Facebook cracks down on vaccine misinformation

In a blog post, the Menlo Park, Calif. company said it will reject any ads containing misinformation about vaccines, remove any targeted advertising options like 'vaccine controversies,' and will no longer show or recommend content containing this type of misinformation on Instagram Explore or hashtag pages."

Submitted via IRC for FatPhil

Combatting Vaccine Misinformation

We are working to tackle vaccine misinformation on Facebook by reducing its distribution and providing people with authoritative information on the topic.

[...] Leading global health organizations, such as the World Health Organization and the US Centers for Disease Control and Prevention, have publicly identified verifiable vaccine hoaxes. If these vaccine hoaxes appear on Facebook, we will take action against them.
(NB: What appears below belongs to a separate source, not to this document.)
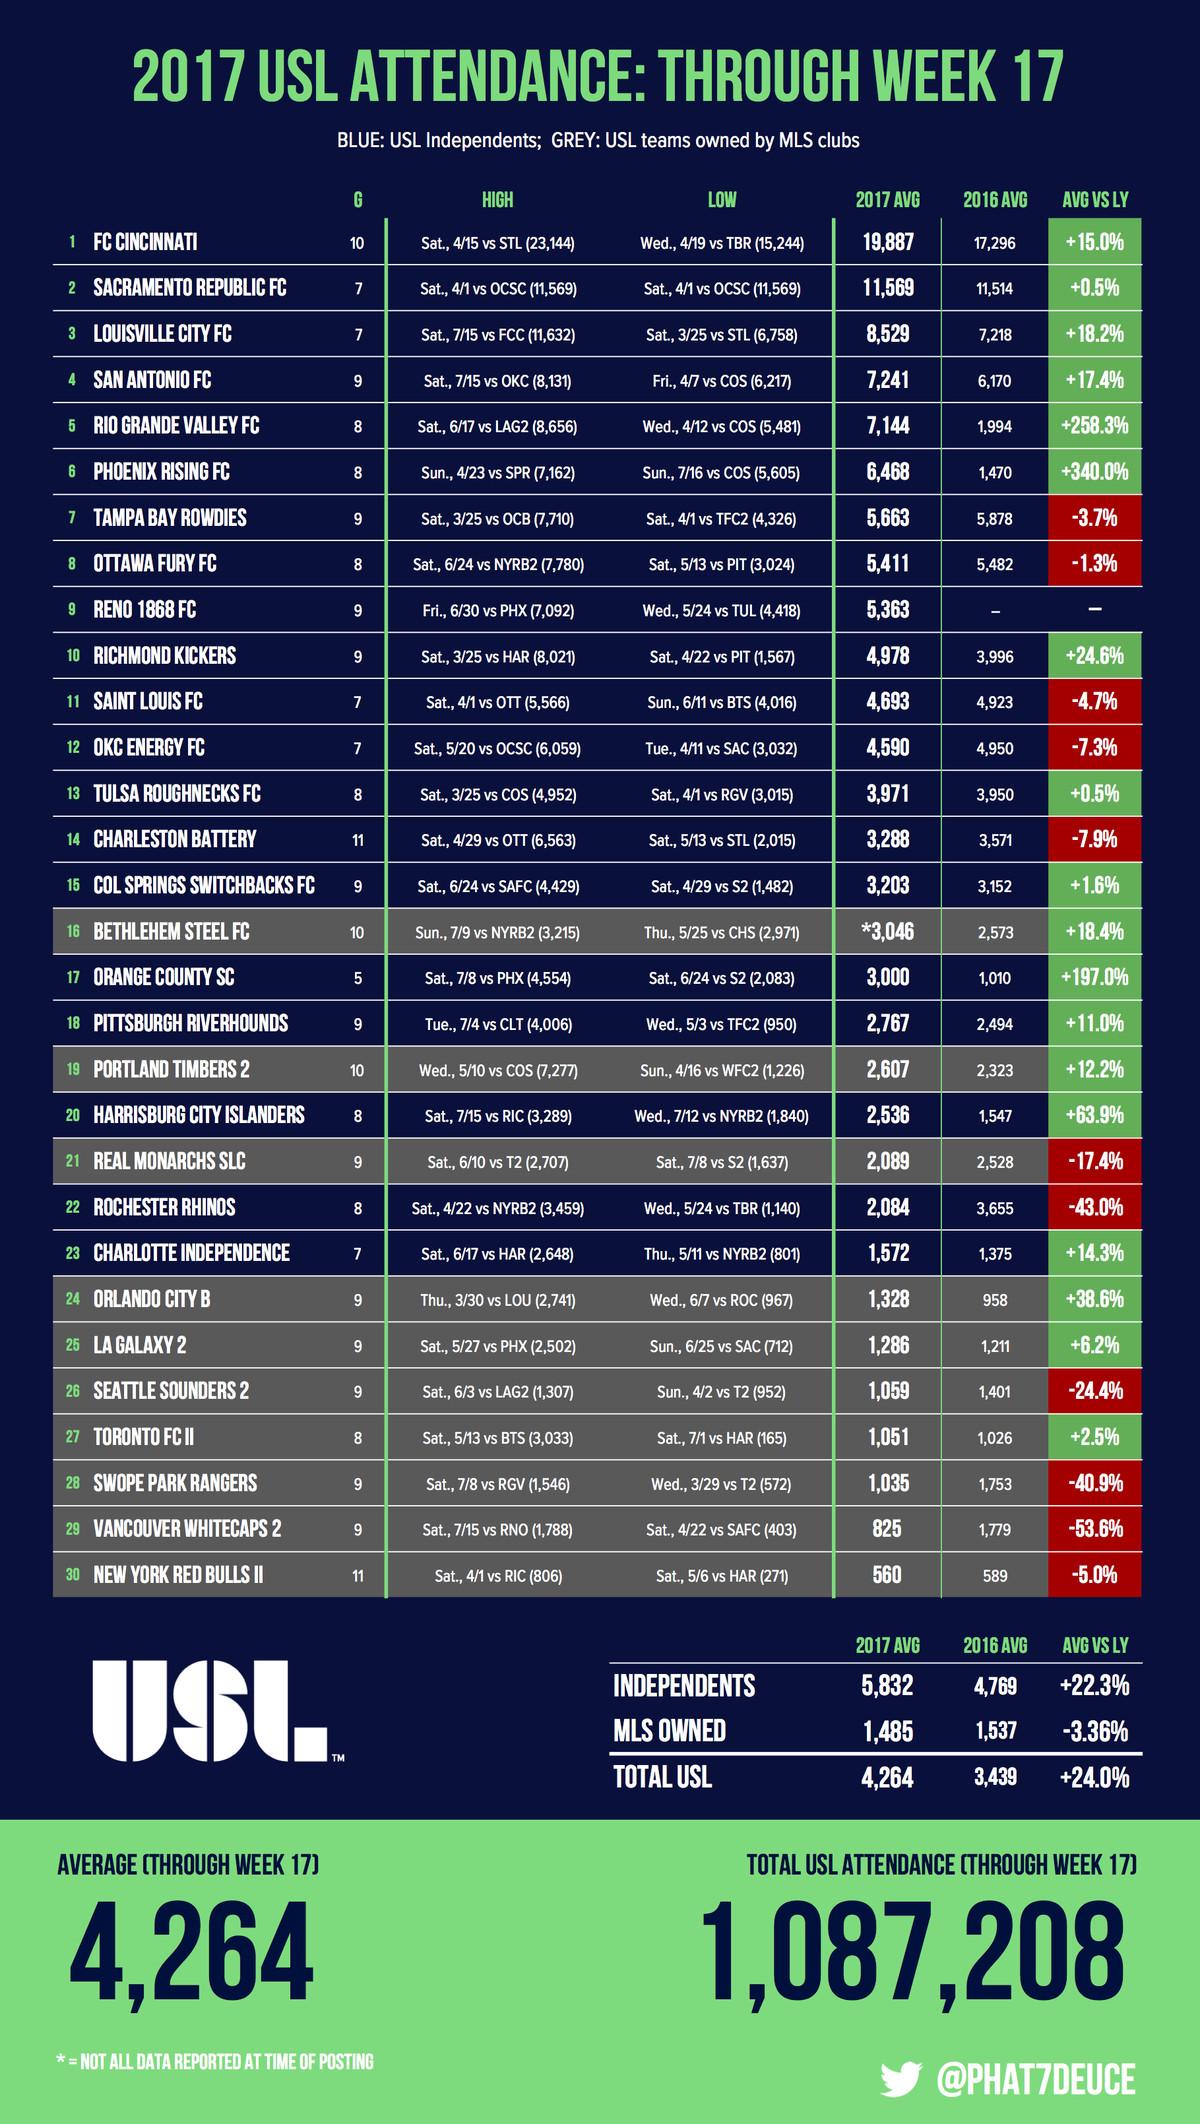 2017 USL Attendance: Through Week 17

For example, if a group or Page admin posts this vaccine misinformation, we will exclude the entire group or Page from recommendations, reduce these groups and Pages’ distribution in News Feed and Search, and reject ads with this misinformation.

We also believe in providing people with additional context so they can decide whether to read, share, or engage in conversations about information they see on Facebook. We are exploring ways to give people more accurate information from expert organizations about vaccines at the top of results for related searches, on Pages discussing the topic, and on invitations to join groups about the topic. We will have an update on this soon.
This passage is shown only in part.